Wie in vielen anderen Orten wurde auch in Rechnitz nie die grundsätzliche Arbeit der Auseinandersetzung mit dem NS-Herrschaftssystem geleistet - weder von der politischen Gemeindevertretung, noch auf einer individuellen persönlichen Ebene.
Die Ereignisse, die den Ort geschichtlich am meisten belasten, fanden wenige Tage vor Kriegsende statt. In der Nähe des Kreuzstadls des Gutes Batthyány wurden rund 180 ungarisch-jüdische Zwangsarbeiter von den Nazis ermordet und verscharrt. Die Mörder hatten ein Gefolgschaftsfest im örtlichen Schloss verlassen und feierten nach der Tat weiter. Nach dem Massengrab wird nun seit Jahren gesucht, um die Opfer in gebührender Weise und nach jüdischer Zeremonie bestatten zu können. Noch immer gibt es die Hoffnung auf einen Hinweis aus der Bevölkerung, wo die Toten vergraben sein könnten.

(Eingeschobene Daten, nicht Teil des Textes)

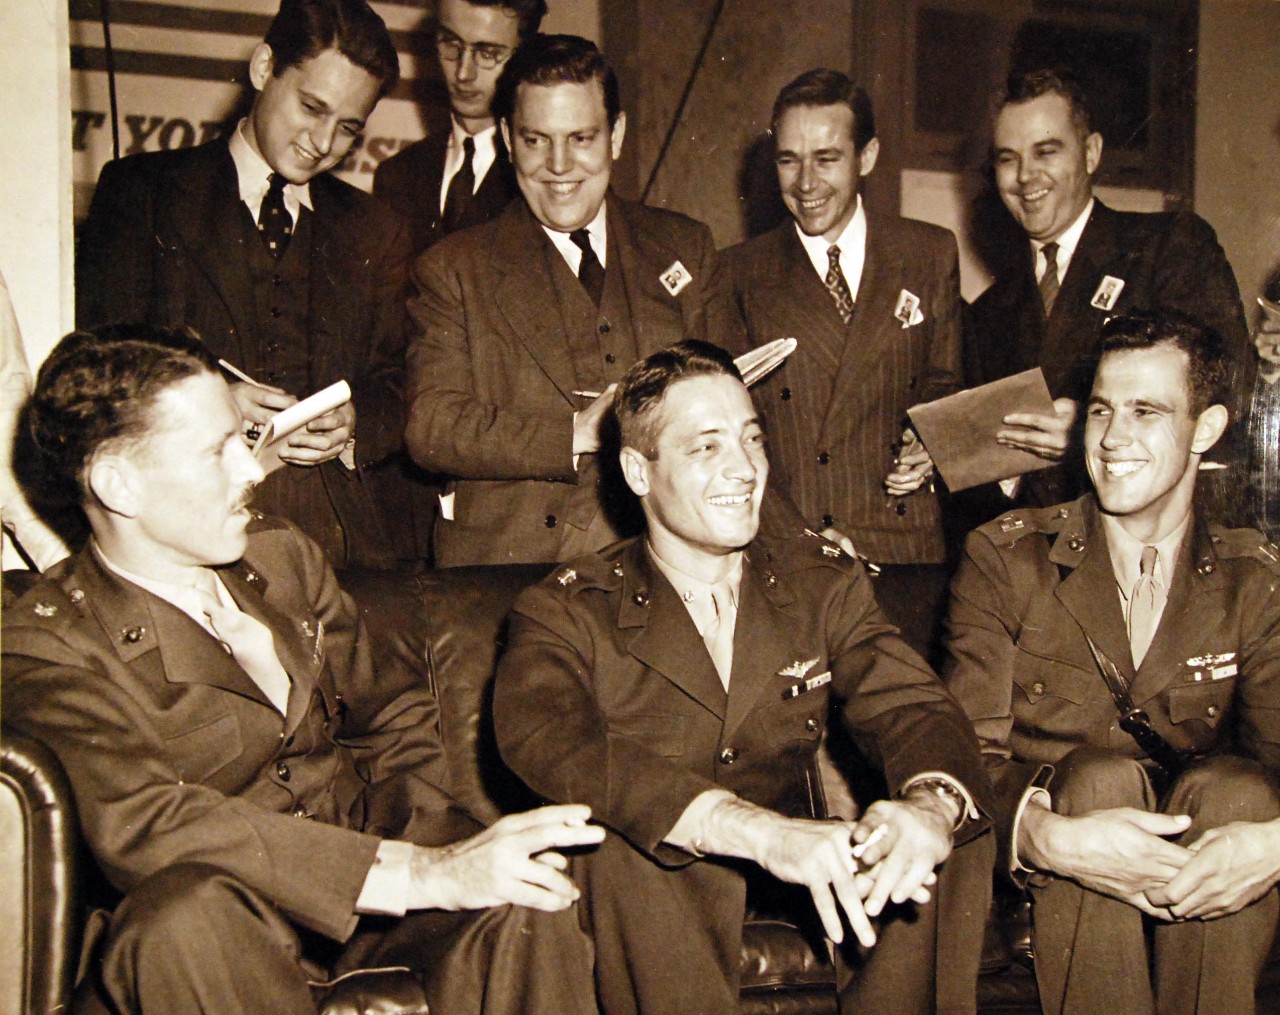 80-G-41220:  Lieutenant Colonel Richard C. Mangum, Major John L. Smith (Medal of Honor recipient), and Captain Marion R. Carl, all USMC, are seated left to right at a press conference in the Navy Department, Washington, D.C., shortly after their return from Guadalcanal, May 1943.  Smith received the Medal of Honor for his actions during August 21 to September 15, when he shot down 16 enemy planes, contributing to Japan’s inability to drive U.S. forces from Guadalcanal.   .   Official U.S. Navy photograph, now in the collections of the National Archives.    (2014/6/12).

Wie schwierig das Aufgreifen dieser Gräueltat ist, konnte RE.F.U.G.I.U.S. - die Rechnitzer Flüchtlings- und Gedenkinitiative und Stiftung - seit ihrem Bestehen immer wieder erfahren.
Diese Initiative, gegründet auf Anregung und unter wesentlicher Beteiligung des Pianisten Paul Gulda, stellt es sich zur Aufgabe, den Kreuzstadl als Gedenkort für alle Opfer beim Südostwallbau zu erhalten und die Bedeutung der Vergangenheit für die Gegenwart bewusst zu machen.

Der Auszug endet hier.